Pursuant to playing a major role in the federal government’s drive for rapid infrastructural development in the 2016 budget, Ashakacem Plc, now an integral part of Lafarge Africa, says it has strengthened its commitment to profitable growth and value creation for its customers by being a preferred supplier of cement, particularly in northern Nigeria.
The federal government earlier in the week announced a budget of N66 billion for housing, an area in which Ashakacem plays a leading role in the supply of cement inputs across the country.
This represents an increase of about 3566.66 percent from the 2015 budget for housing, which was a paltry N1.8 billion.
During his maiden media address, Babatunde Fashola, the minister of power, works and housing, stated that “for us, consistency is key, annual spending is an imperative and we must change the budget for national housing from N1.8 bilion in 2015 to something in the hundreds of billions of naira that matches our ambition.
“And if we can spend N10 billion in each state and the FCT on housing alone every year subject to (a) the capacity to raise the money and (b) the capacity to utilize the funds having regards to our current construction methods and the time it takes to complete construction, which our ministry intends to change by research and industrialization of housing,” he said.
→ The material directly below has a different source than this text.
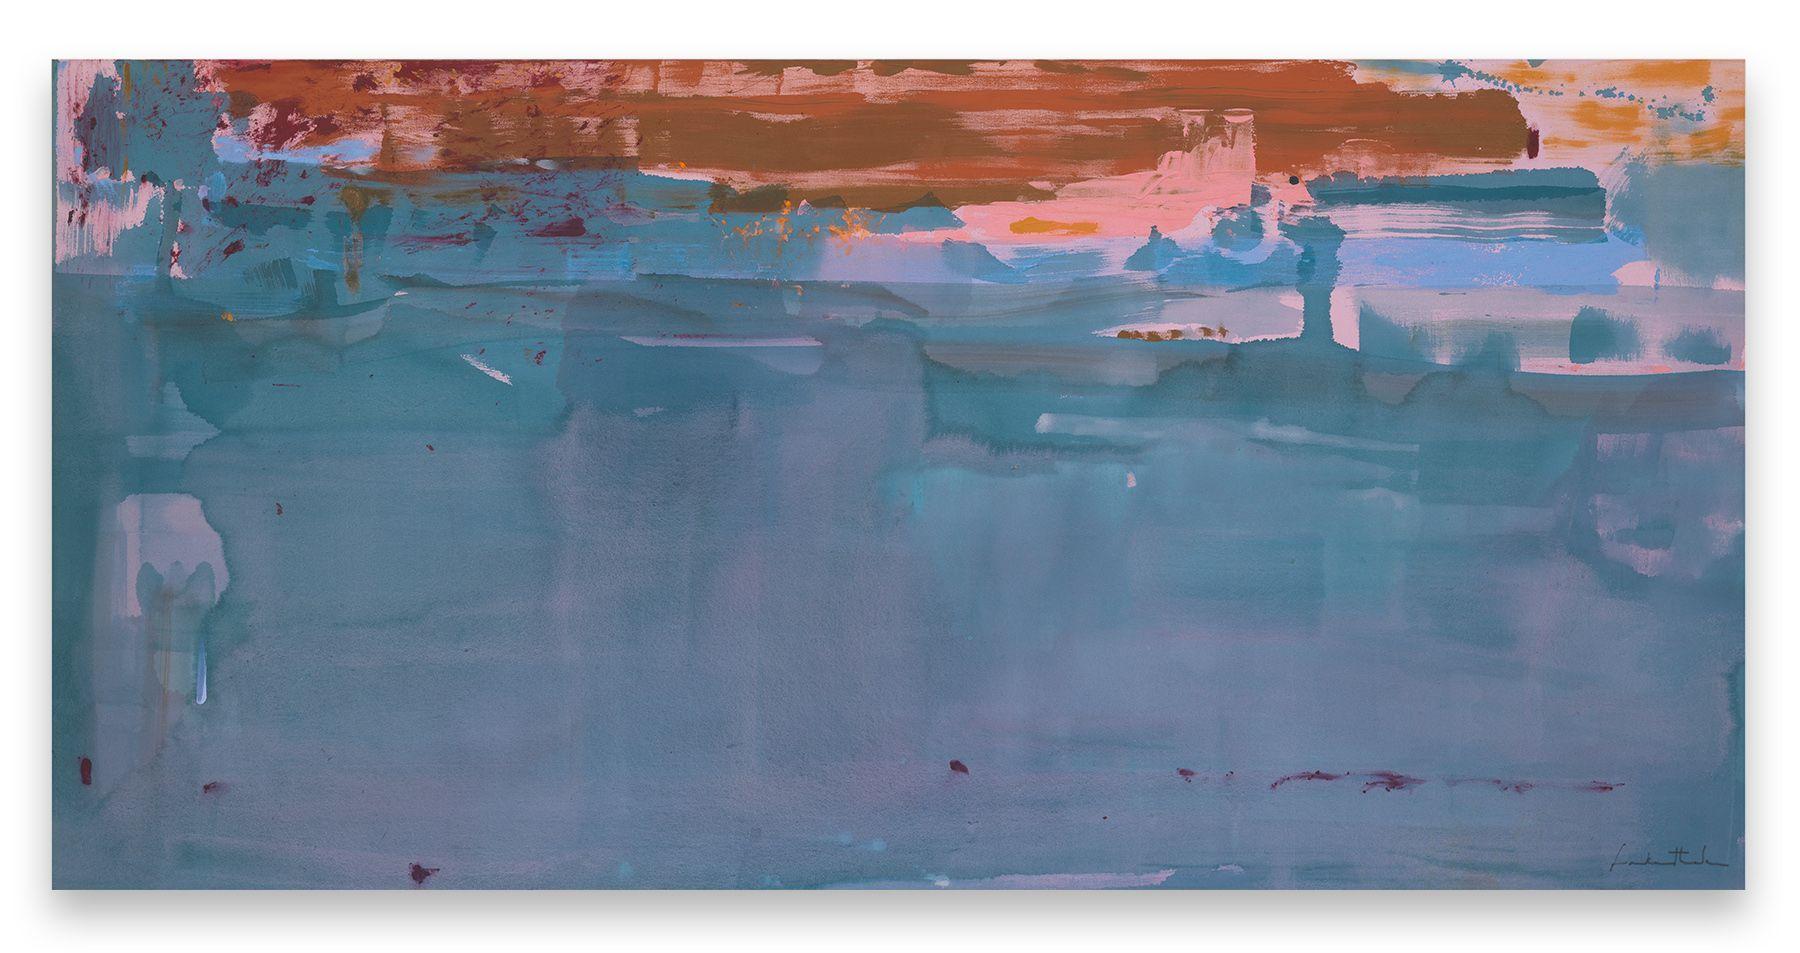 Basin, 1979, Acrylic on canvas, 52 x 106 inches, 132.1 x 269.2 cm, MMG#28016

Fashola earlier in the week announced that the ministry of works would get N268 billion, power N99 billion and housing N66 billion.
Ashakacem has a cement plant in Ashaka, Gombe State with an installed capacity of 1 million metric tonnes (mmt) and there are plans underway to add another 3mmt capacity over the next three years.
Lafarge Africa, itself a leading sub-Saharan African building materials company, is a member of LafargeHolcim, the world leader in building materials.
Listed on the Nigerian Stock Exchange, with presence in Africa’s two largest economies, Nigeria and South Africa, Lafarge Africa is currently and actively playing a key role in the supply of raw materials needed for the urbanization and economic growth of Africa.
Combining its operations in Nigeria, which are Ewekoro and Sagamu plants in Ogun State; Ashakacem in Gombe State; Unicem in Cross River State; Atlas Cement in Rivers State; and Ready-Mix Nigeria, with its varied operations in South Africa, Lafarge Africa has a current installed capacity of 12mmt, which it says is expected to grow to 17.5mmt by 2017.
It also has strong market-leading position in aggregates ready mix concrete and fly ash.
“Cost of energy is a concern to our development plans and in the next 18 t0 24 months, that will become a thing of the past and we will also supply our host community with energy,” said Suleiman Yahyah, the company’s chairman, board of directors.
According to him, “it is going to be an independent power plant that will utilize our abundant coal resources, it will give Ashaka hundred percent of its energy needs and the surplus we will sell it to the grid and give some to the community.”
He explained that the first phase of the project will cost about $40 million and the second phase will cost around $60 million, making it a total of $100 million.”
To sustain this business drive, he said, there will be a military base at Ashaka in order to ensure security and make it an industrial base of pride in Gombe State.
Yahyah further assured that host community interests will also be protected as an issue that is not negotiable.
As a strategy to boost public and shareholders’ interest in investing more in the company, the chairman said Ashakacem is devising a means to deliver unclaimed dividend running into millions of naira to shareholders whose addresses might have changed since the company was privatized six years ago.
This is apart from its payment of N2 billion in taxes to the Gombe State government.
“Now that we have seen a roll up of infrastructure projects and commitment to expansion and changing Nigeria, that gives Ashaka a new lease of life and gives Lafarge a new momentum to take advantage of this emerging opportunity,” Yahyah maintained.